Deux heures après nous rejoignons enfin le réservoir de San Rocco. Nous poursuivons cette fois par la bonne route. Il est trop tard pour emprunter le circuit du Cap Corse. Nous coupons : col de Laserra, Luri où, enfin, nous pourrons nous désaltérer. Nous racontons au cafetier notre mésaventure.

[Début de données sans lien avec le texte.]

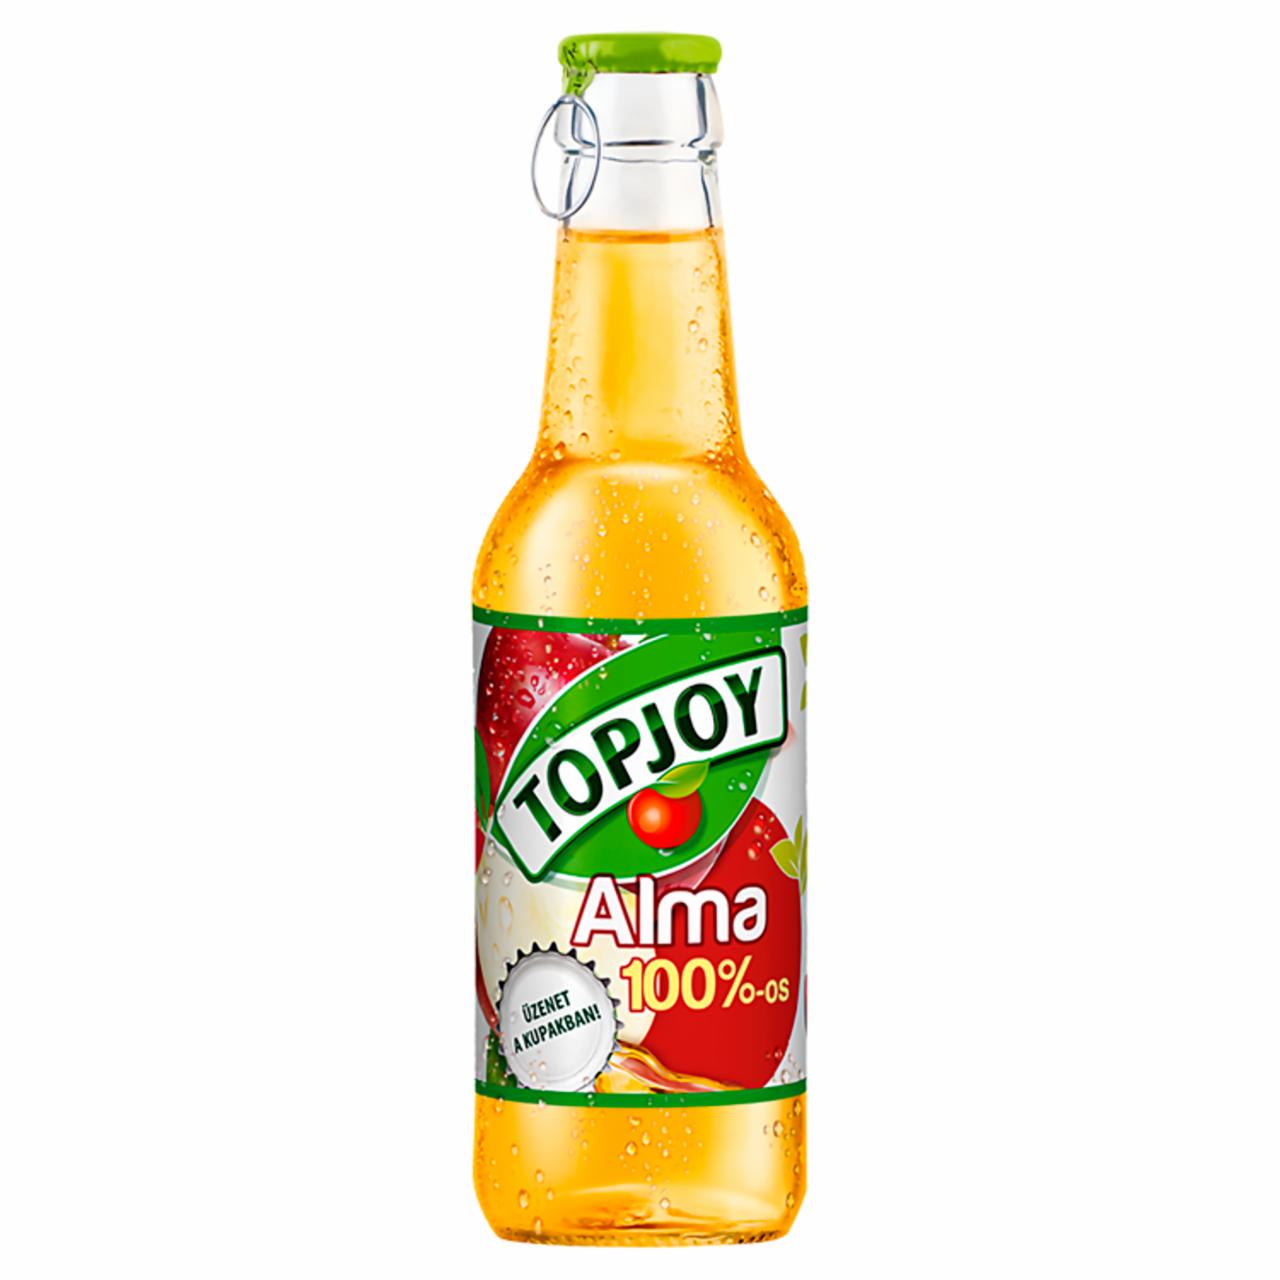 Képek - Topjoy 100%-os alma ital 250 ml

Il est plié de rire : le 4 x 4 polonais, il a dû descendre là-bas on ne sait trop comment, et ça fait un an qu'il est dans ce cul-de-sac…

On peut déduire de cette mésaventure, trois préceptes pour cyclorandonneurs :

- Il faut savoir reconnaître un col sans tomber dans le panneau,
- Les voies des véhicules à quatre roues sont parfois impénétrables,
- Il ne faut pas suivre tête baissée une feuille de route, même quand elle est (très bien) concoctée par le club des cents cols.

Denis Ulmann

CC n° 5686



NdlR : Bernard Giraudeau modifiera le carnet de route en précisant que le secteur de Bocca di San Rocco est une piste en terre cyclable ( autrefois goudronnée) sur une distance d’environ 5 km de part et d’autre du col, et qu’arrivé au col il faut descendre en continuant la piste ( changement de direction) et non pas aller tout droit en direction du pylône.